-- About this task --
Restate word for word all of the lines below, with each image left out.

Segment Start: Information provided

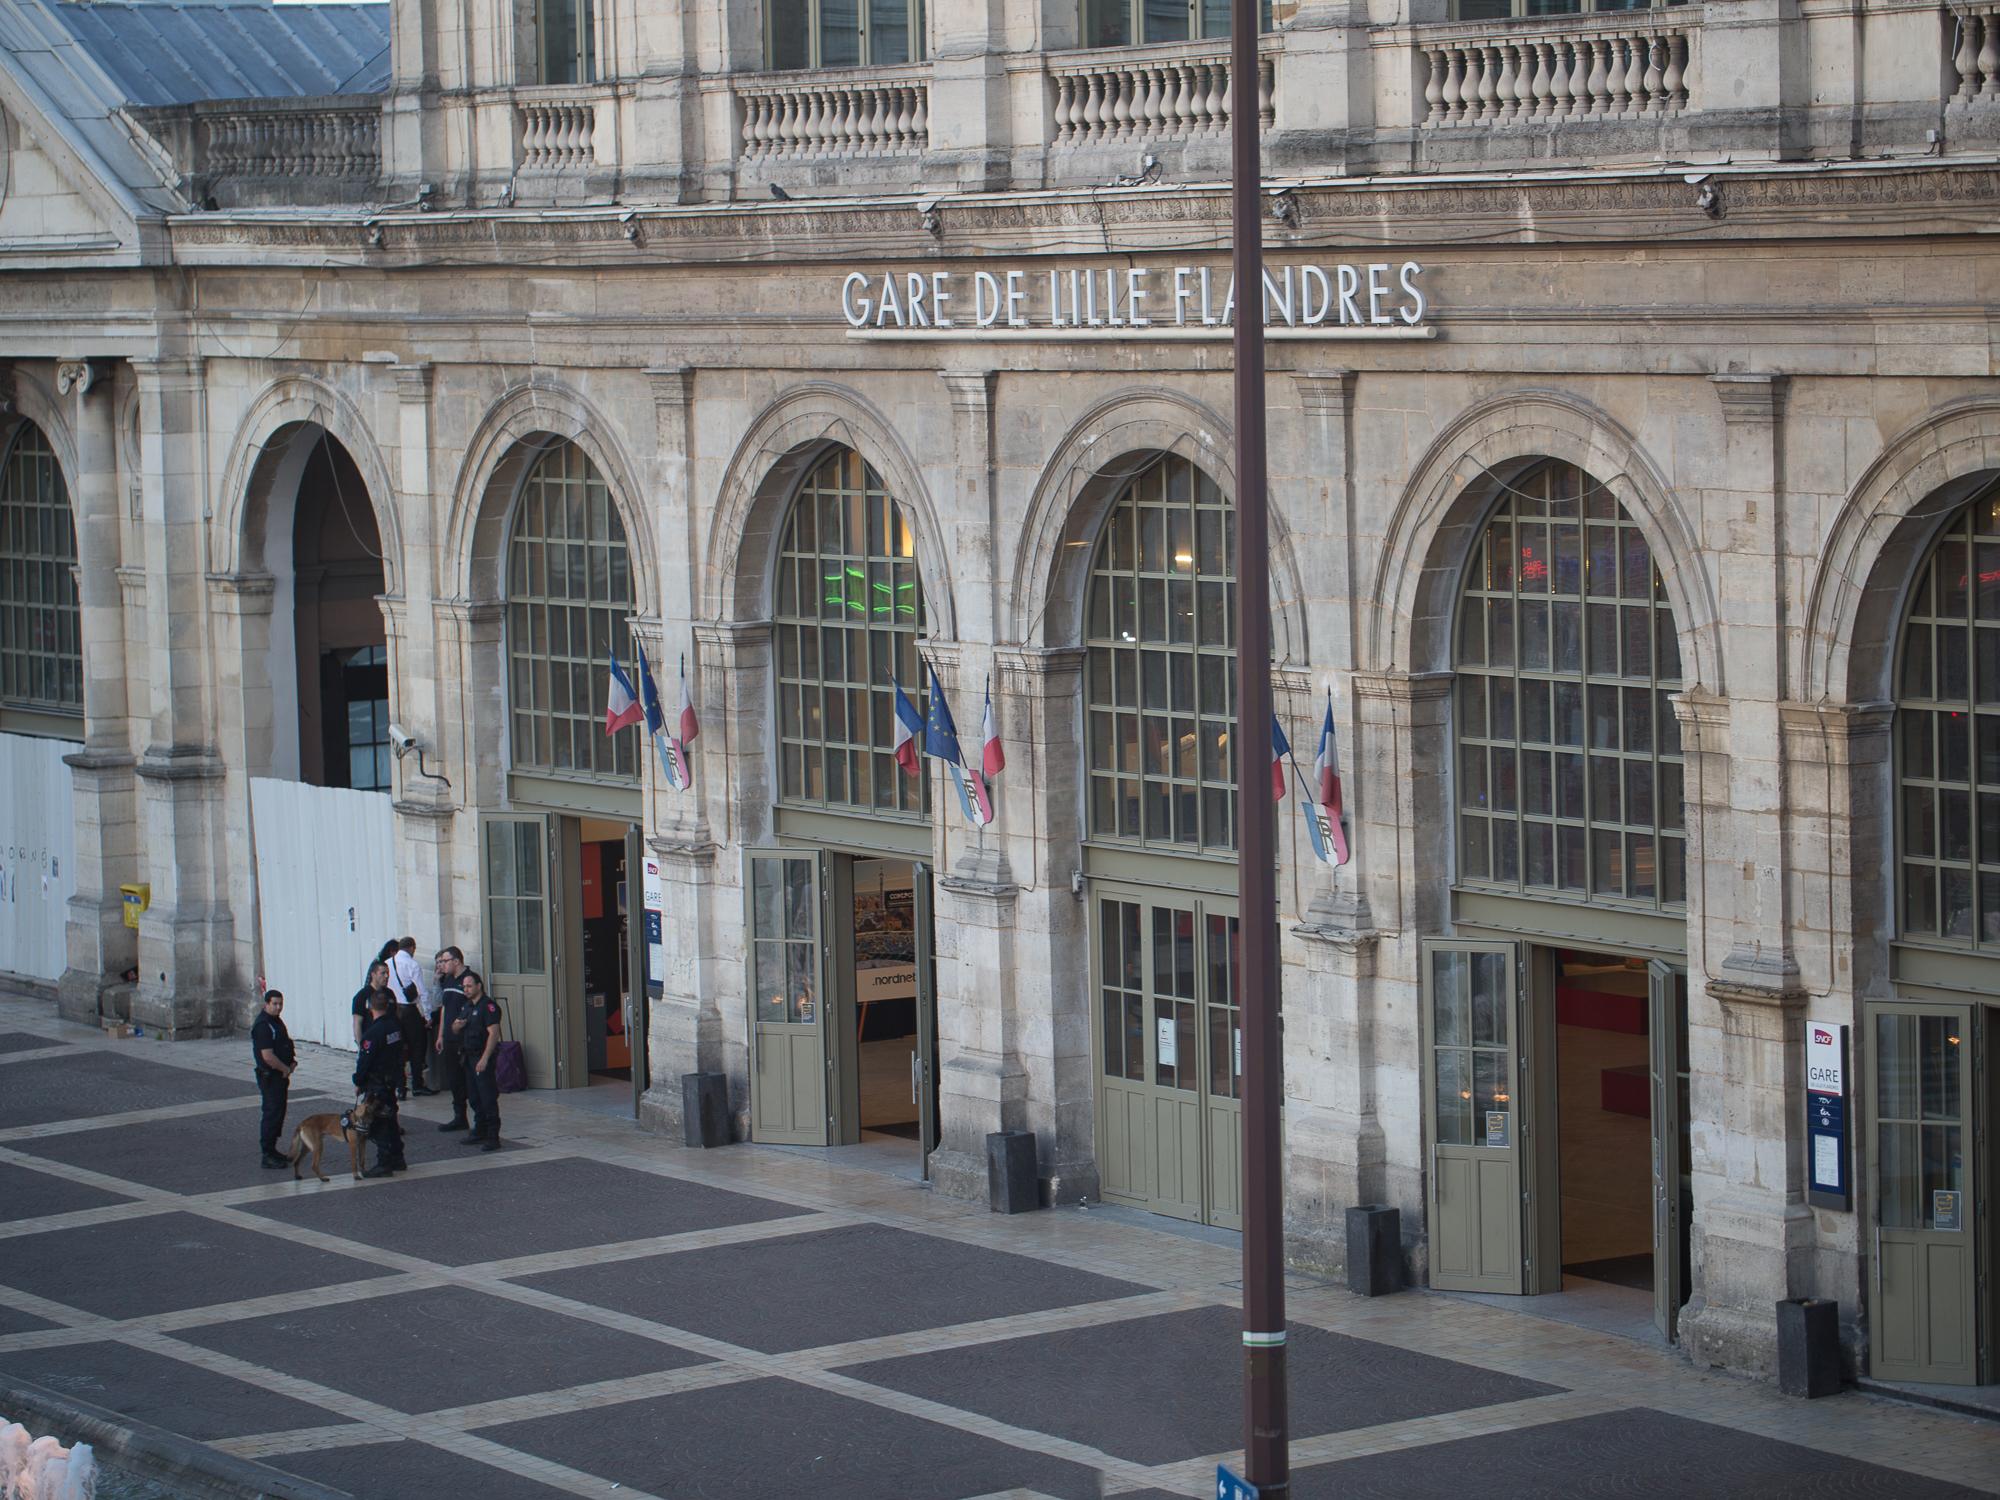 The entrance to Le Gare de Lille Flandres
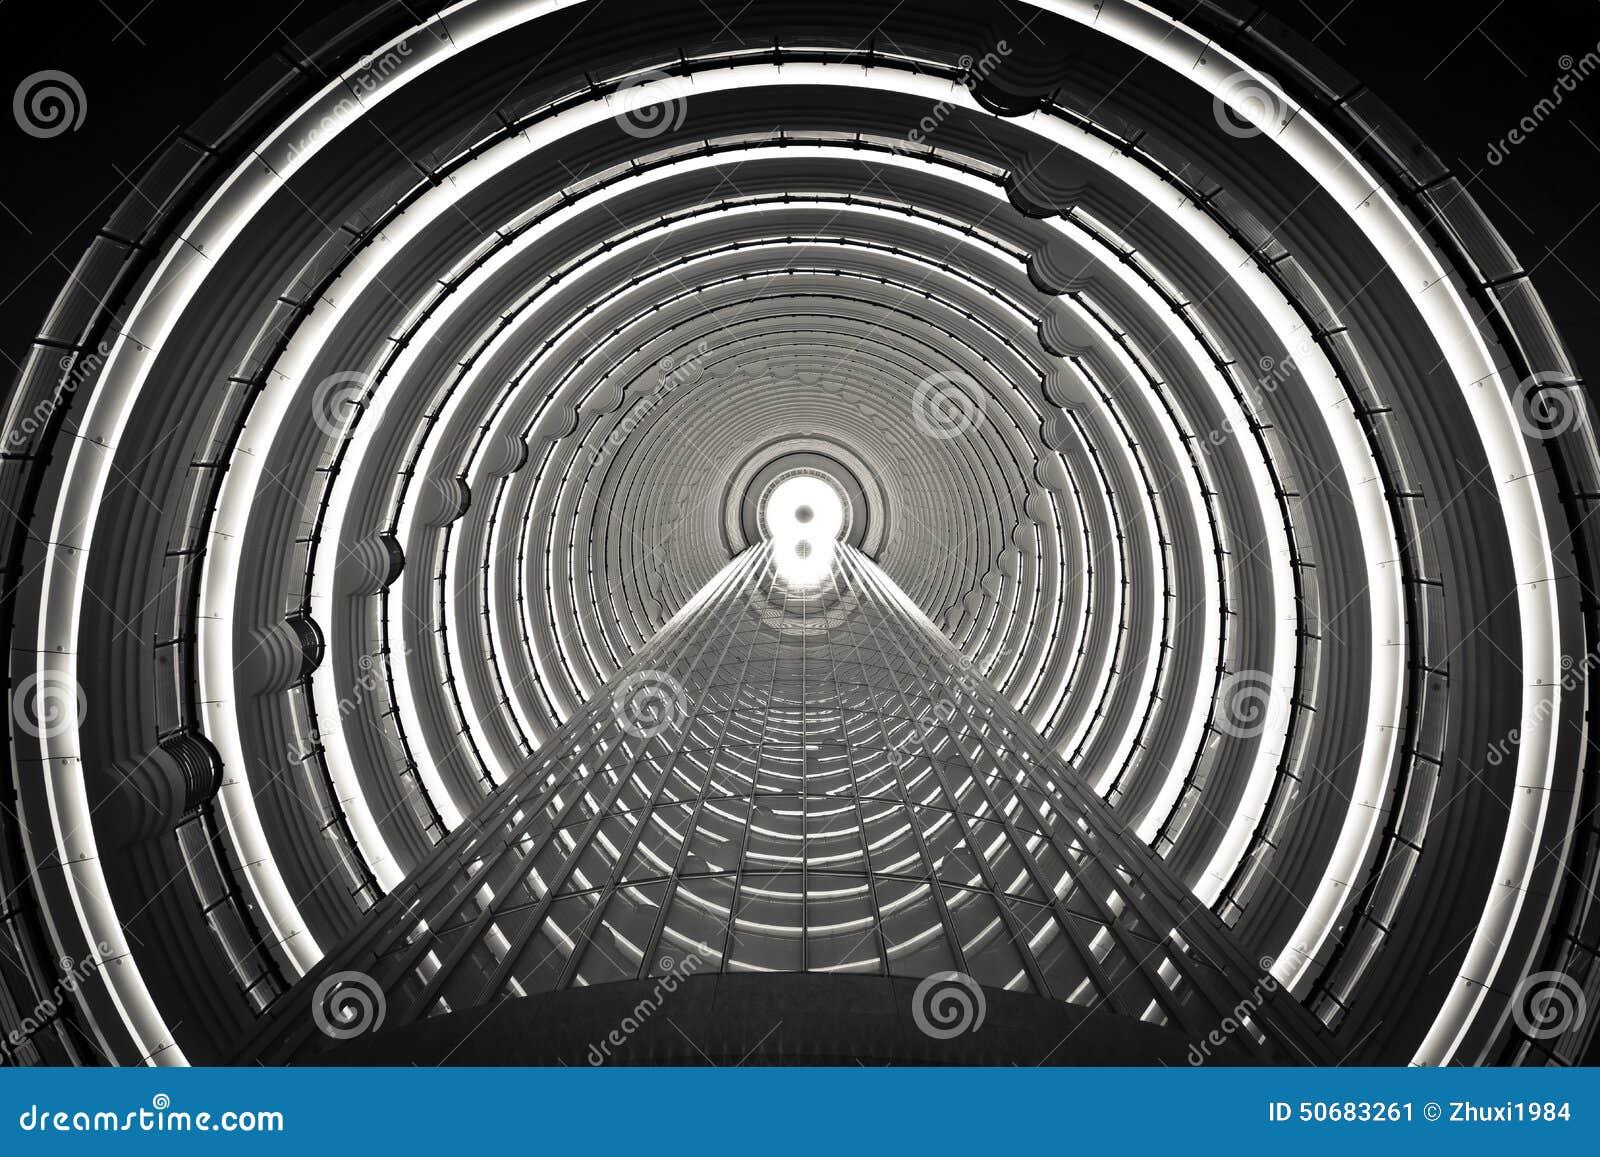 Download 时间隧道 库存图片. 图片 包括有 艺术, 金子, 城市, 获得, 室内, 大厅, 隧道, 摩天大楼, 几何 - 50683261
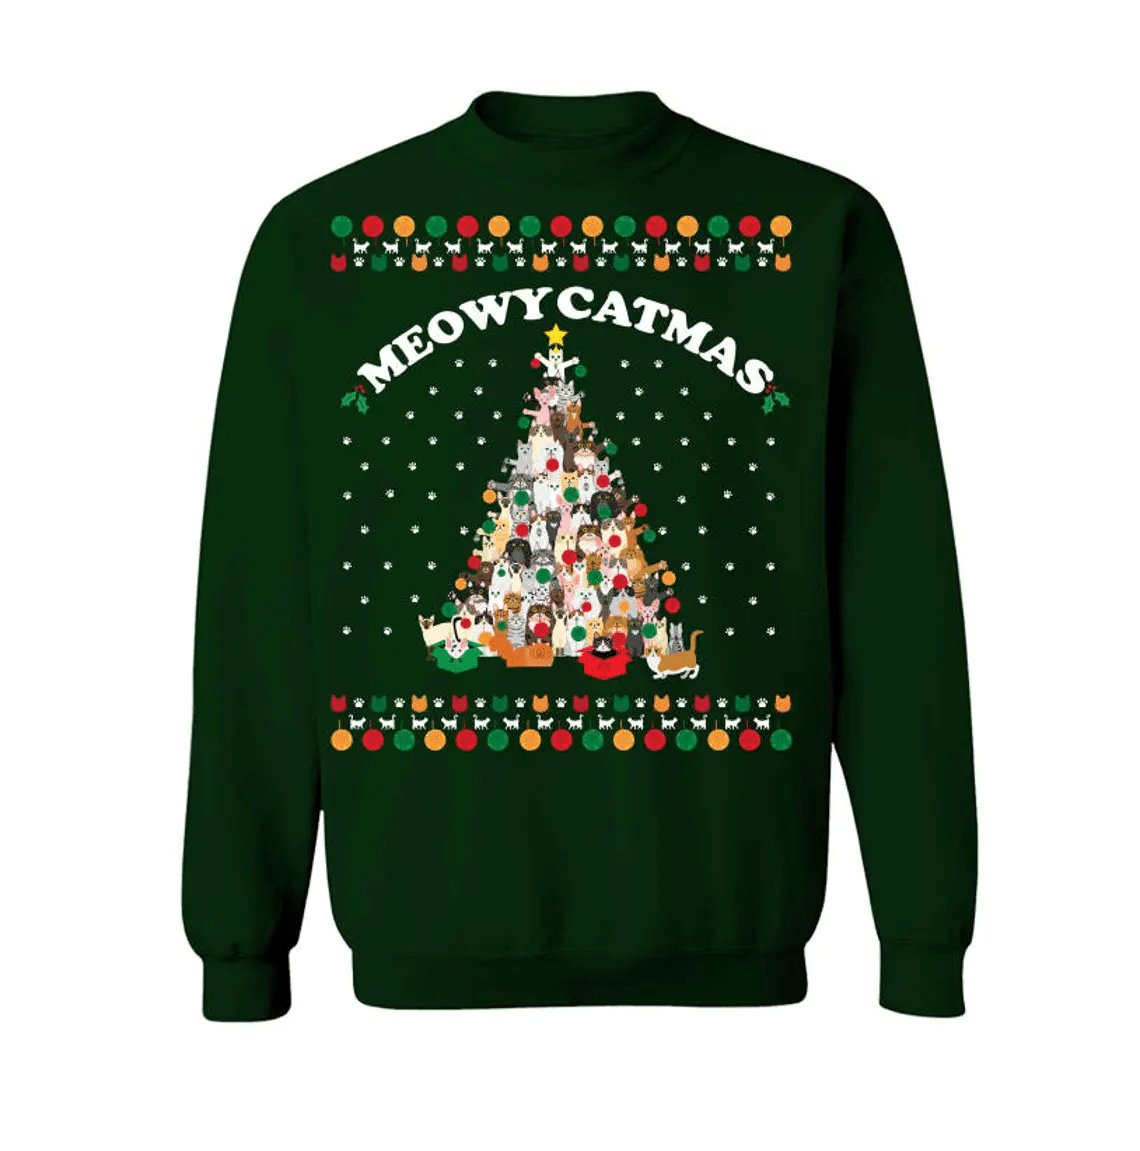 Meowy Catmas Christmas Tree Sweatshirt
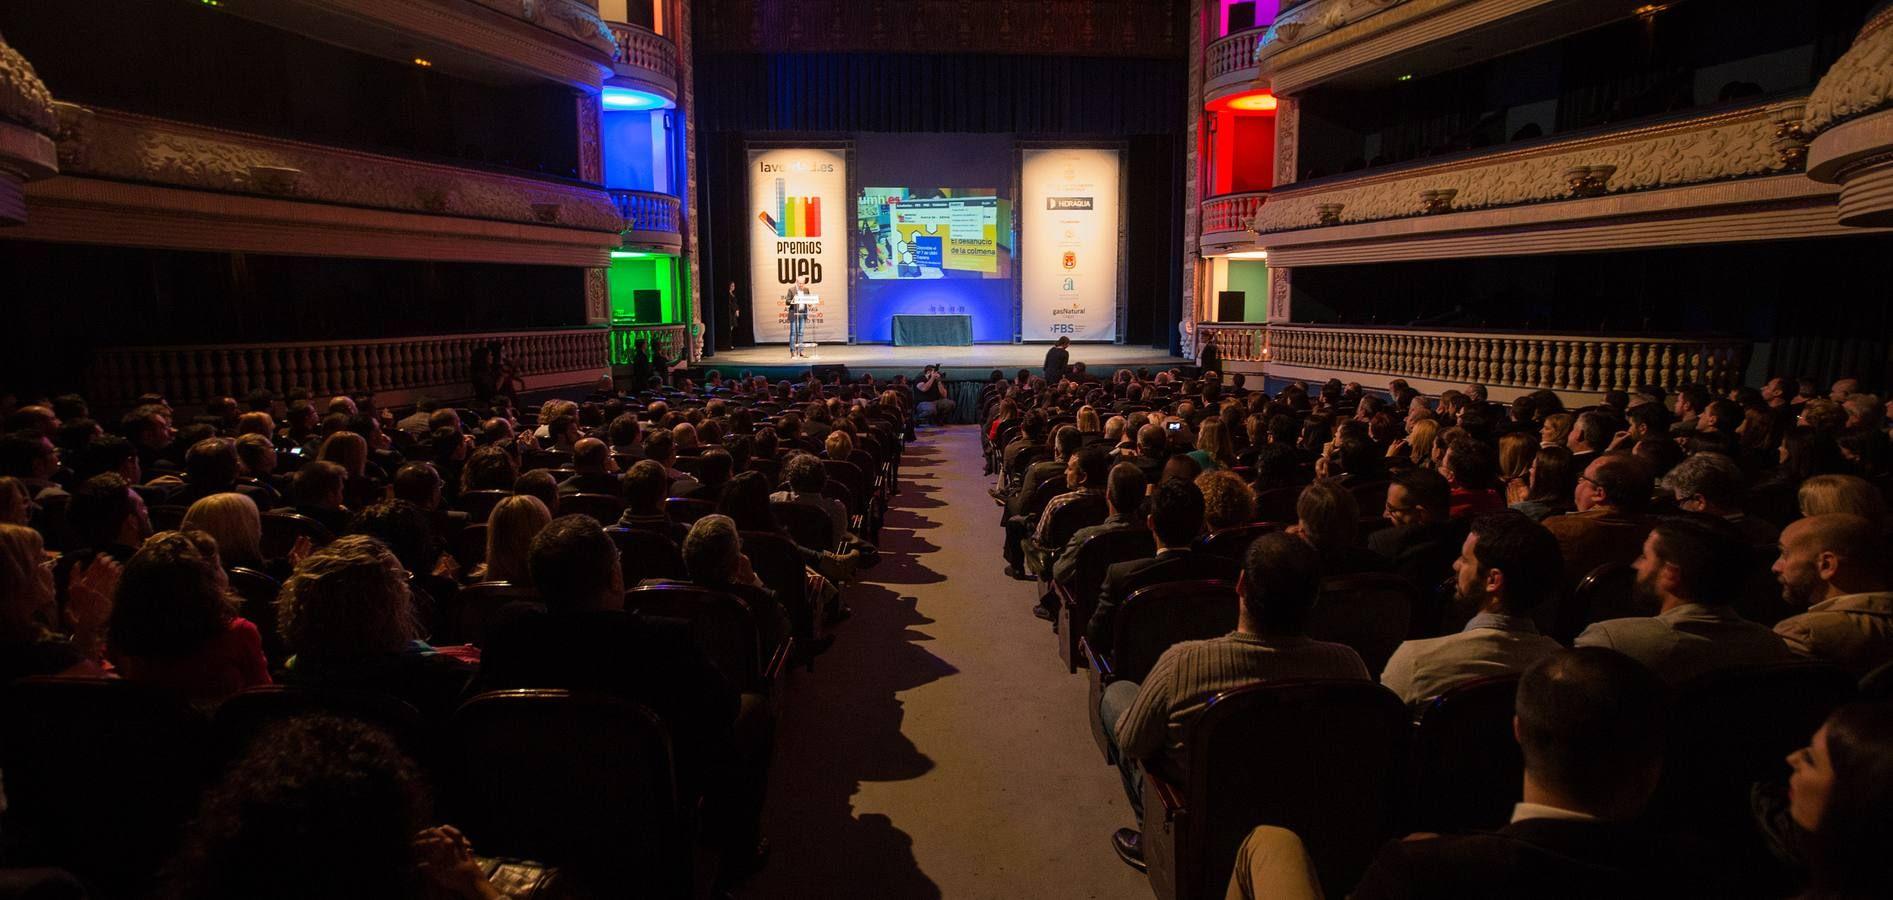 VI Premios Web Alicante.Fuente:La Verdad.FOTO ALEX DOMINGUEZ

Segment End: Information provided

-- Written response --
 The entrance to Le Gare de Lille Flandres
 Download 时间隧道 库存图片. 图片 包括有 艺术, 金子, 城市, 获得, 室内, 大厅, 隧道, 摩天大楼, 几何 - 50683261
 Meowy Catmas Christmas Tree Sweatshirt
 VI Premios Web Alicante.Fuente:La Verdad.FOTO ALEX DOMINGUEZ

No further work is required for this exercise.